Other reported virus species included one case with a travel history to Indonesia with a Seoul virus infection confirmed by PCR and sequencing [22] and three Hantaan virus infections after returning from countries in south-east Asia. The additional 31 cases notified as Sin Nombre and Hantaan infections without a corresponding travel history are regarded as erroneous data entries and likely represent additional PUUV or DOBV infections. A total of 2,176 cases were notified not specifying the virus species; the distribution of these cases by time, place and person does not differ from those notified as PUUV or DOBV.

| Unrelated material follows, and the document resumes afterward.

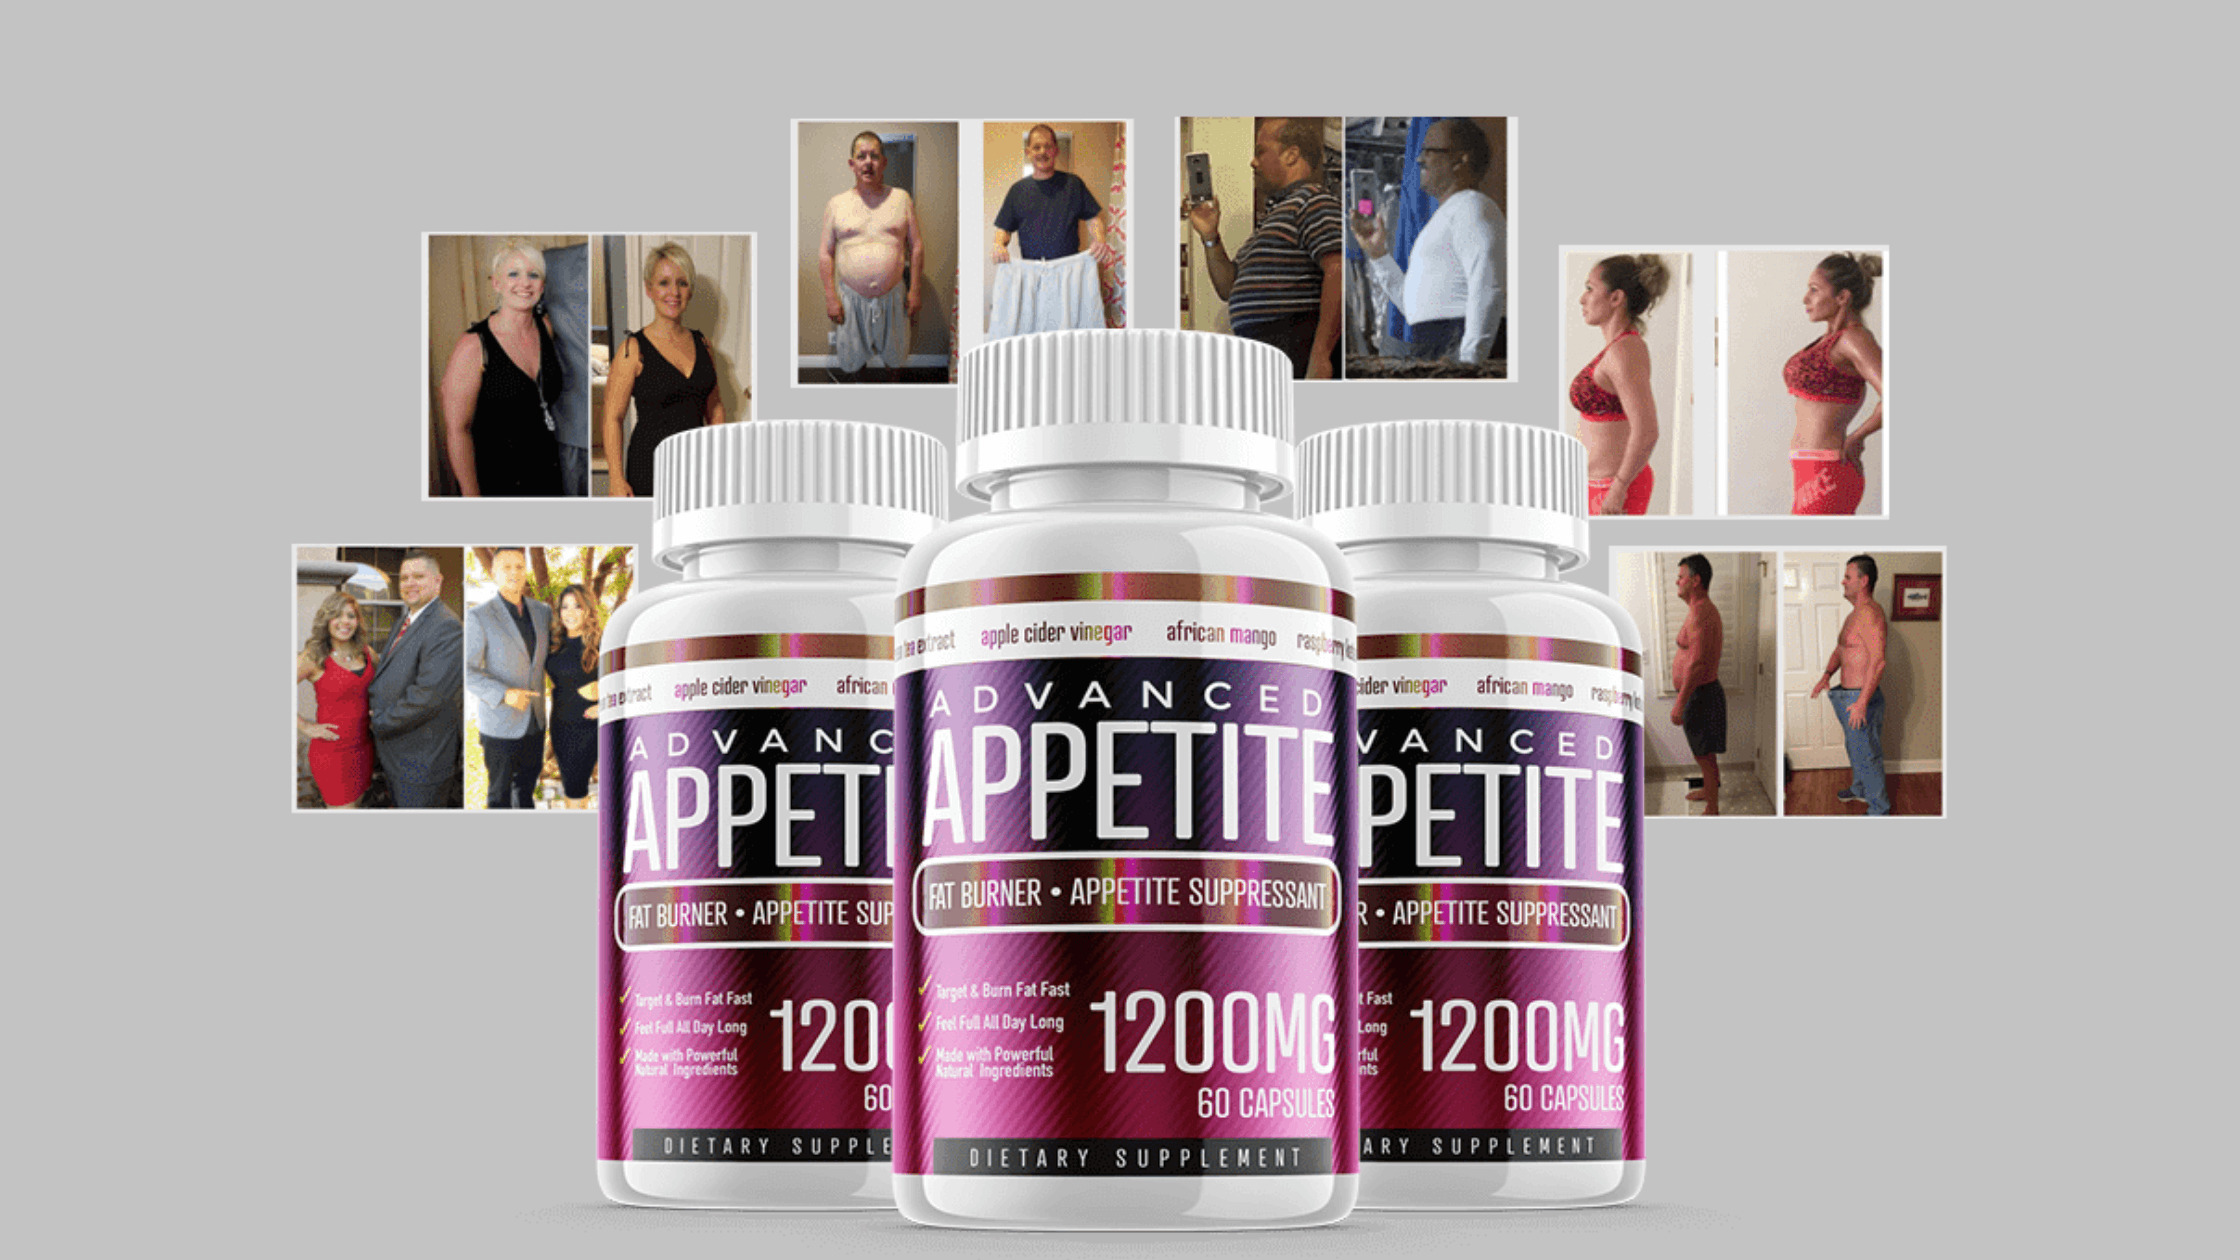 Advanced Appetite Fat Burner Canada Reviews: Is It Safe or Have Any Side  Effects? - MarylandReporter.com

Between 2001 and 2017, there was geographical and temporal variation in incidence. The years with only few cases alternated with outbreak years showing a steep increase in weekly cases in spring/early summer and a high total case load. With a mean annual incidence of 2.53 per 100,000 population, the four largest outbreak years 2007, 2010, 2012 and 2017, respectively, contributed 8,259/12,148 (68.0%) of the total cases reported between 2001 and 2017. In the remaining 13 years, the mean annual incidence was lower at 0.36 per 100,000 population. Between 2001 and 2017, most cases were notified in the southern part of Germany with fewer cases in the west and only sporadic cases in the east (Figure 1). In total, 8,005/11,555 (69.28%) cases were hospitalised. The annual proportion of hospitalised cases (also an indicator of the overall sensitivity of the surveillance system) showed no clear long-term trend (Table 1).

Figure 1

Notified cases of hantavirus disease by month of disease onset and region, Germany, 2001–2017 (n = 11,330)

Inlay shows the location of the regions within an outline of Germany.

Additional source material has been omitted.